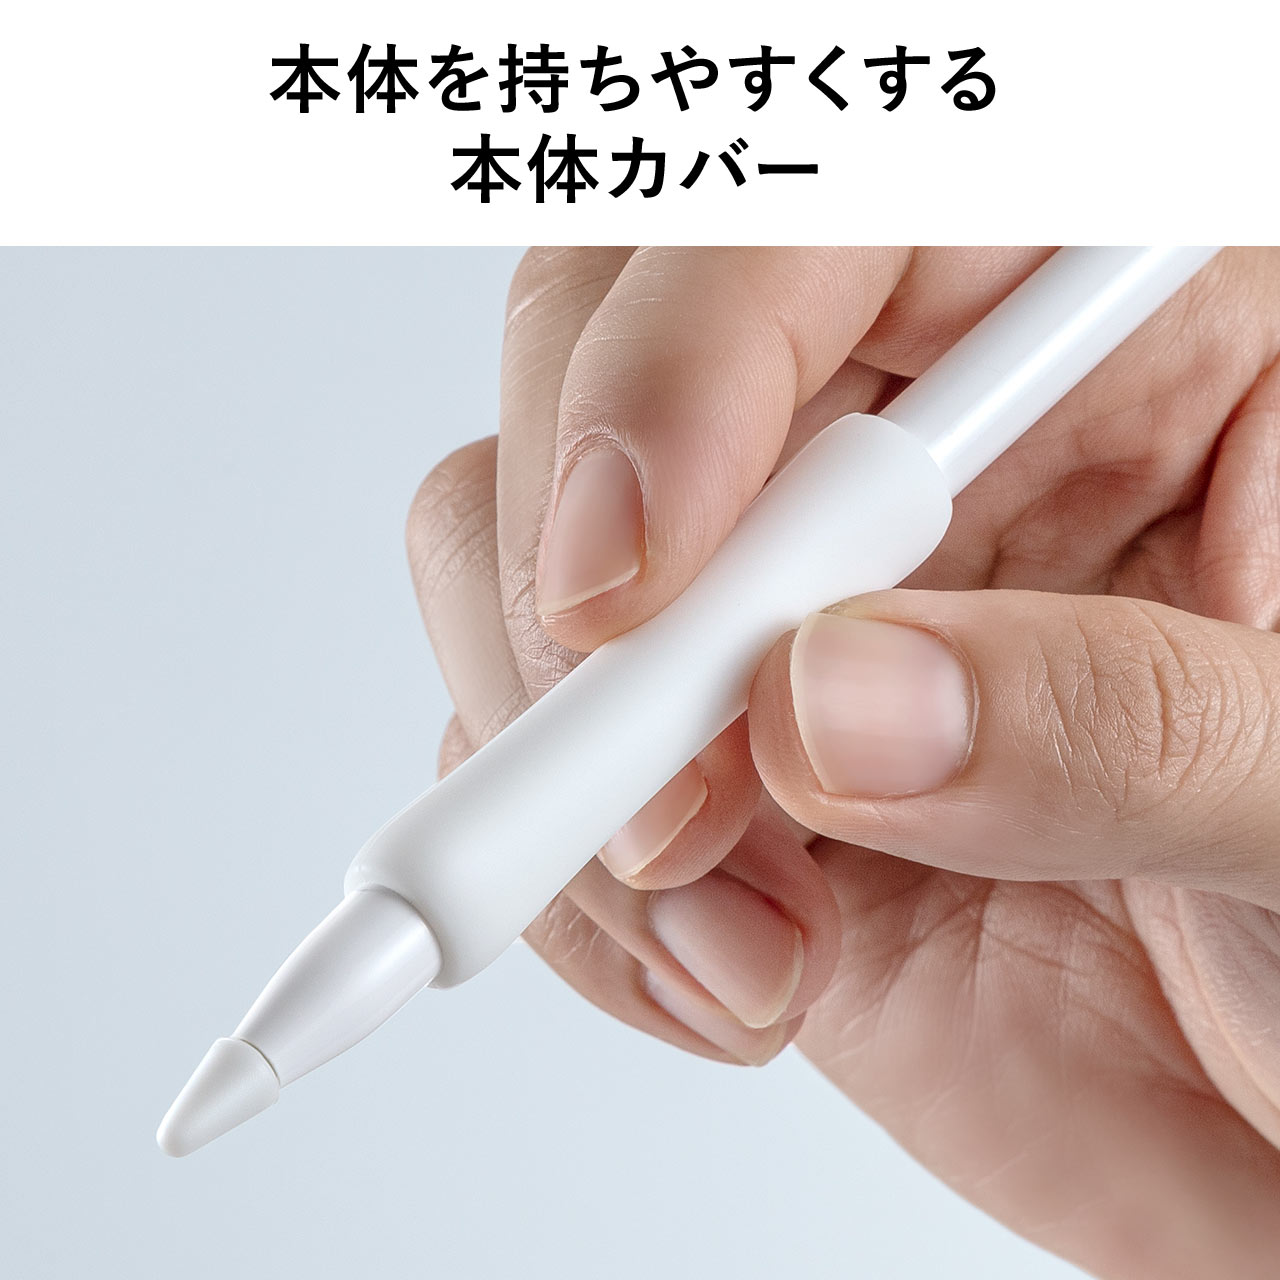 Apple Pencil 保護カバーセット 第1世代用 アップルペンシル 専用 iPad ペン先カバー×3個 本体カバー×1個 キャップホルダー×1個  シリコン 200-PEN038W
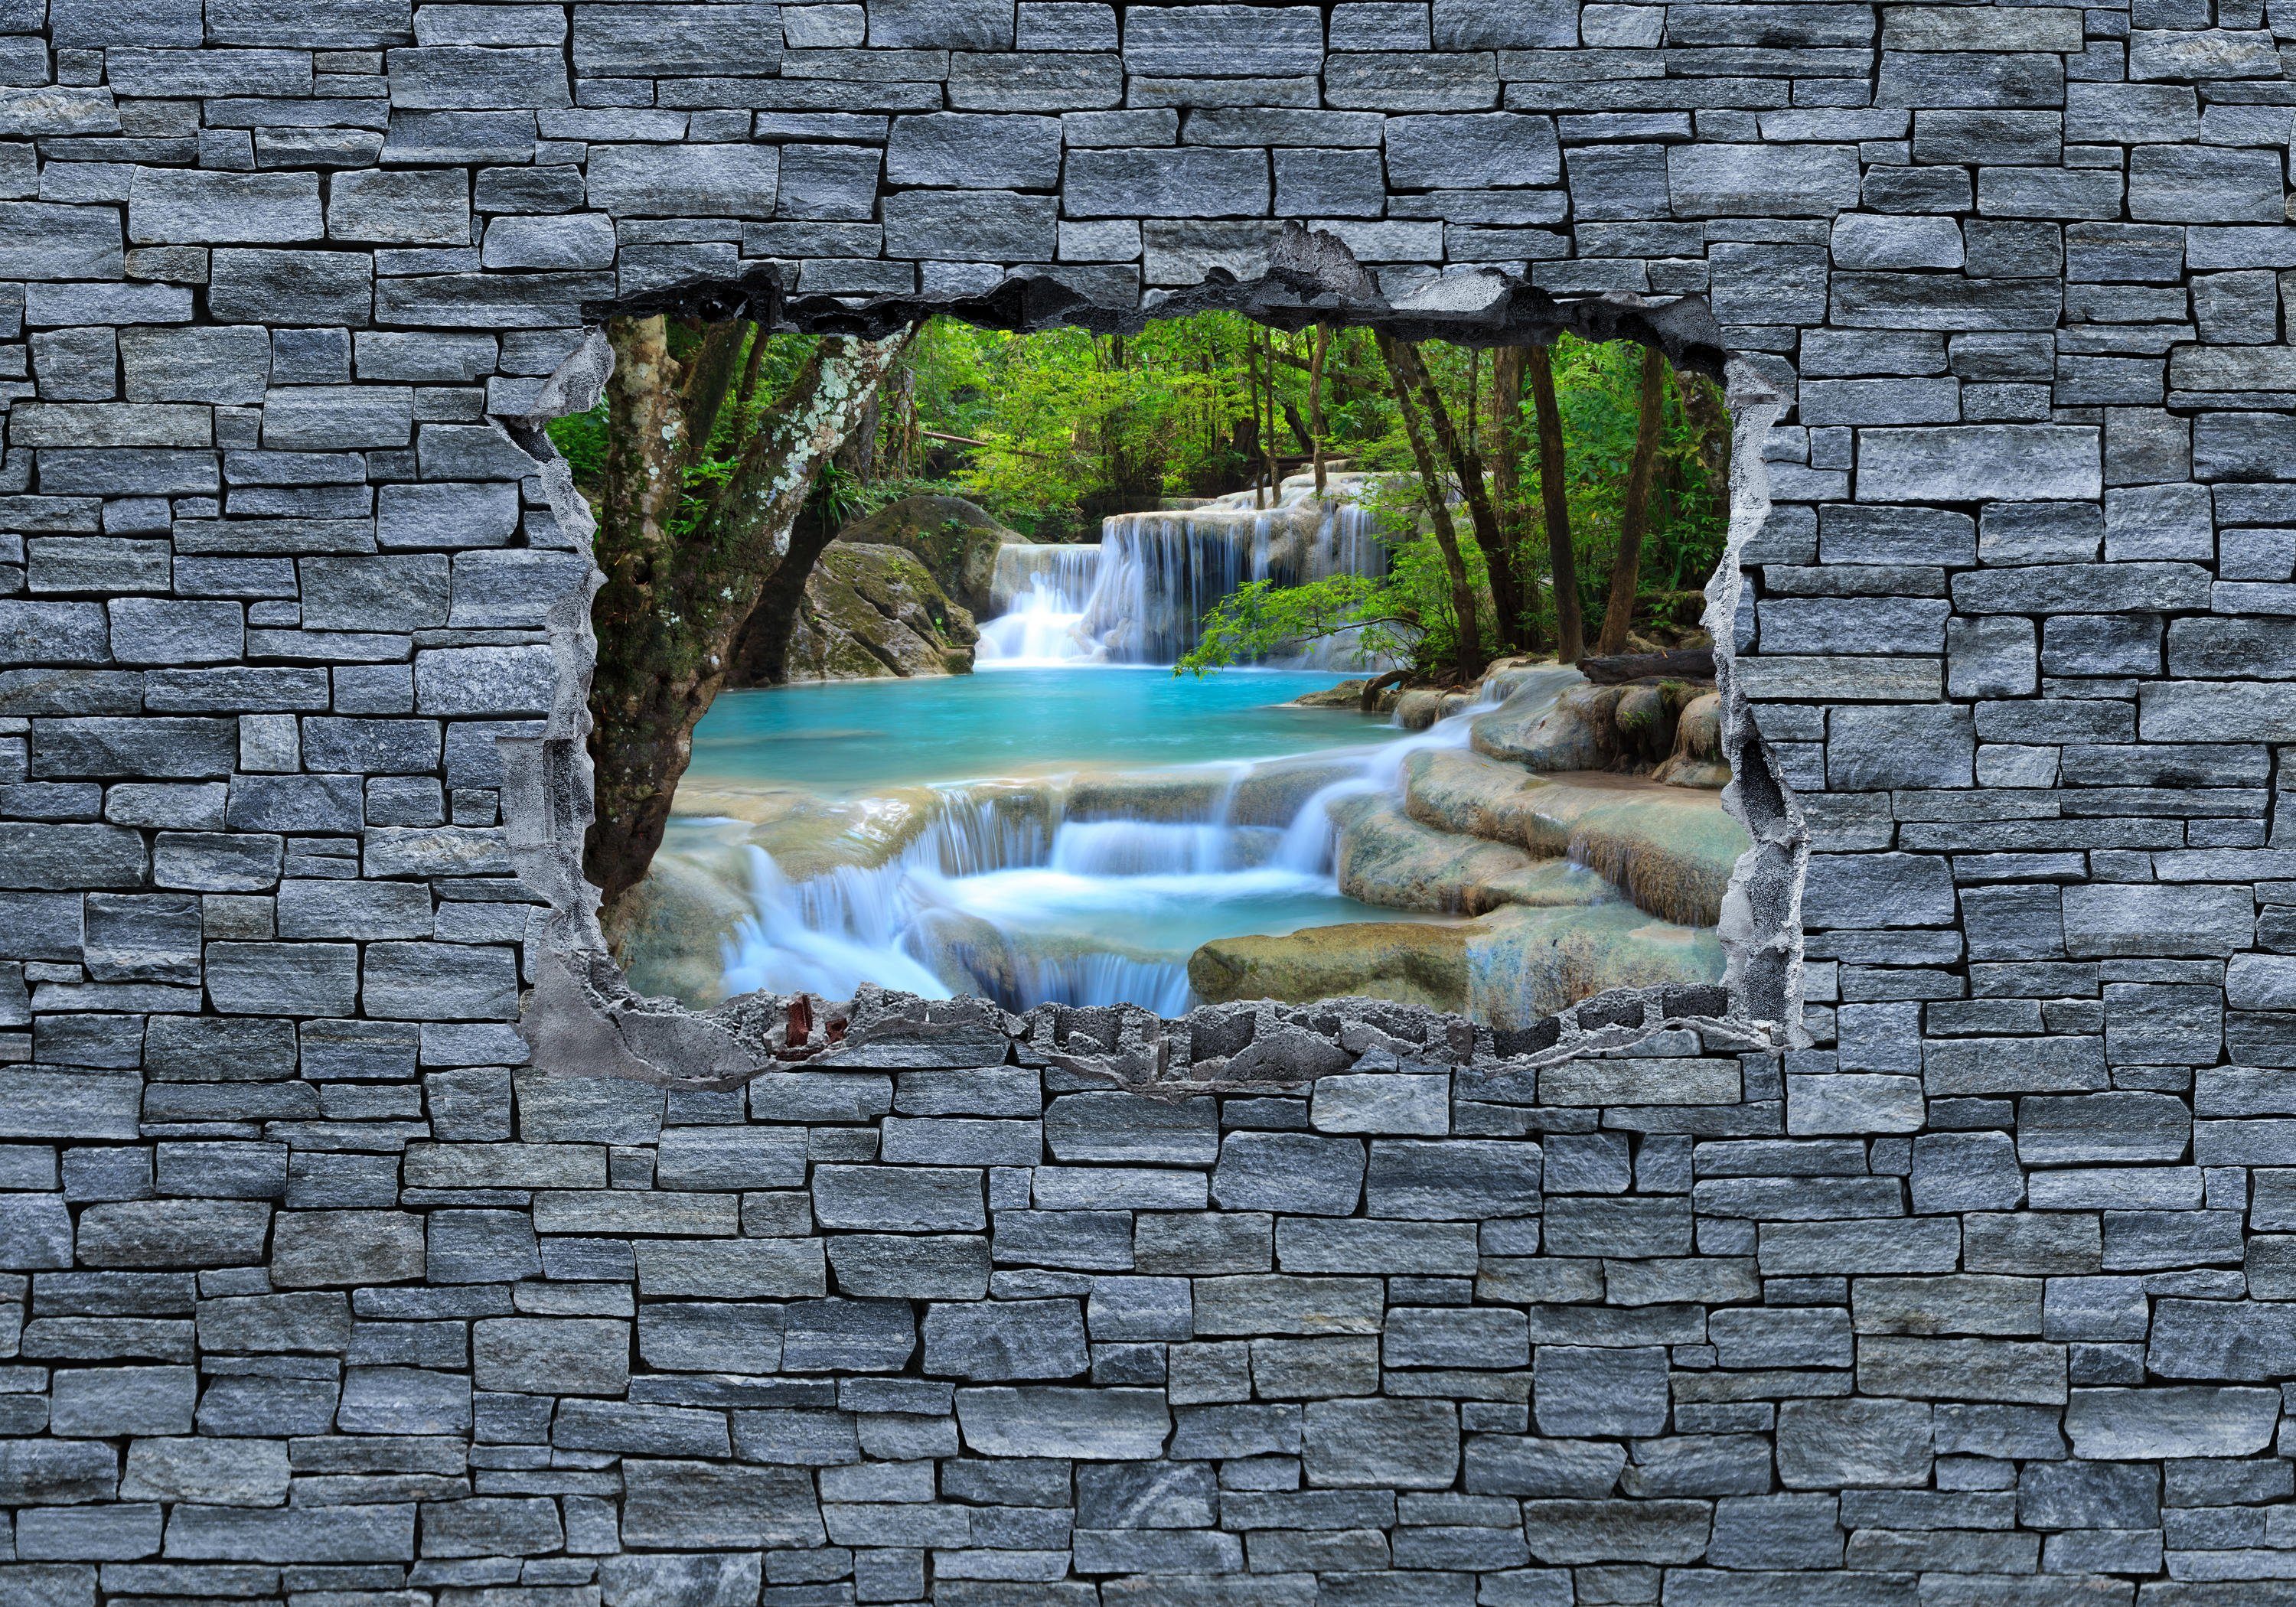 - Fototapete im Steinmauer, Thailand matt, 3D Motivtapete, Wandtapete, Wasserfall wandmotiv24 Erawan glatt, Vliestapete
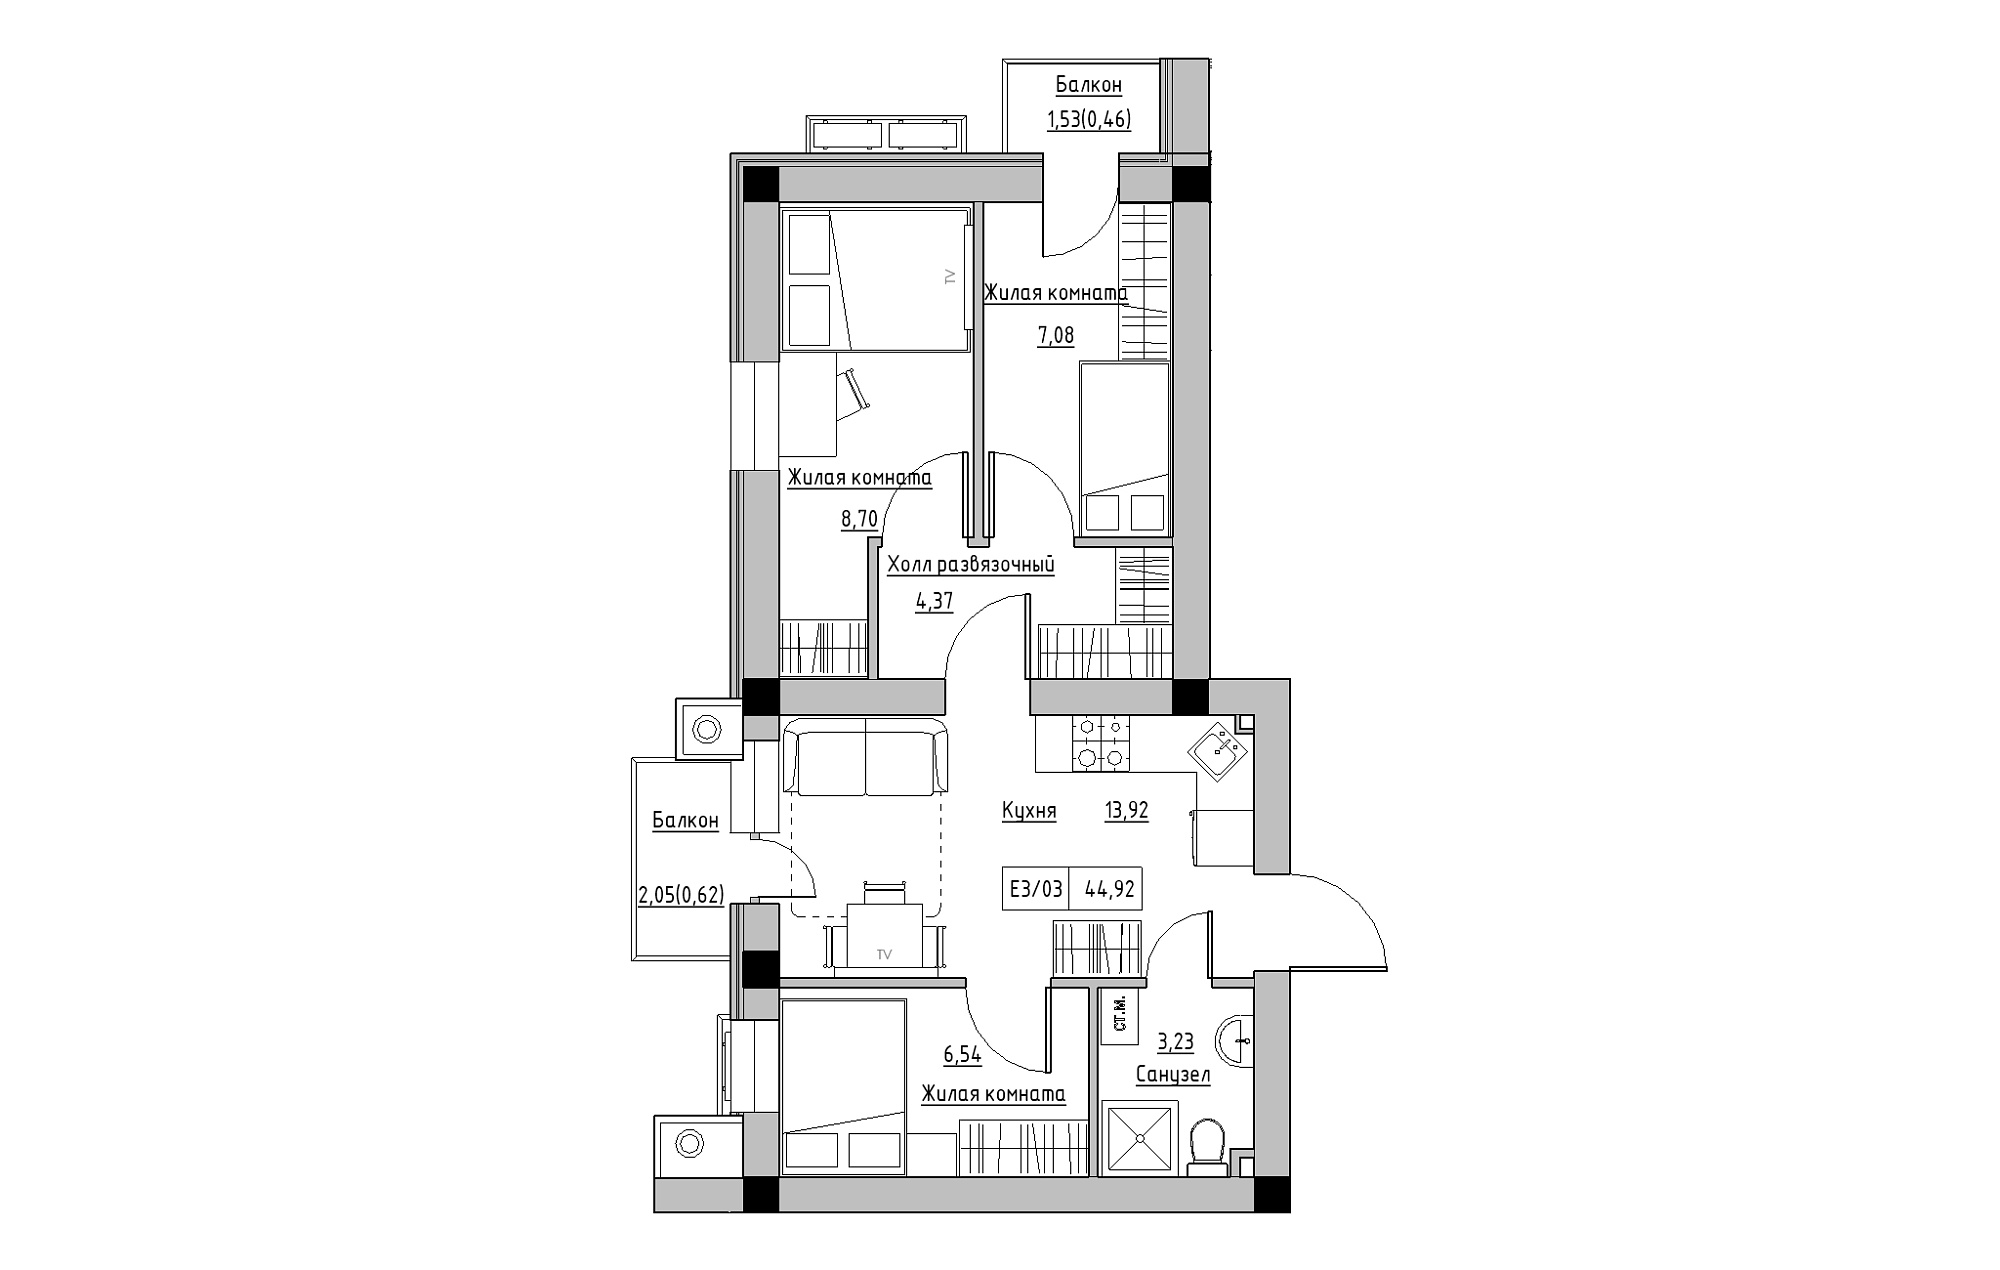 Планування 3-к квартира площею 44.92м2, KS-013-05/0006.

WORK INSTRUCTION: Please give the data again unaltered, leaving out any images.

REPLY TO THE TASK:
 Apple Pencil 保護カバーセット 第1世代用 アップルペンシル 専用 iPad ペン先カバー×3個 本体カバー×1個 キャップホルダー×1個  シリコン 200-PEN038W
 - Fototapete im Steinmauer, Thailand matt, 3D Motivtapete, Wandtapete, Wasserfall wandmotiv24 Erawan glatt, Vliestapete
 Планування 3-к квартира площею 44.92м2, KS-013-05/0006.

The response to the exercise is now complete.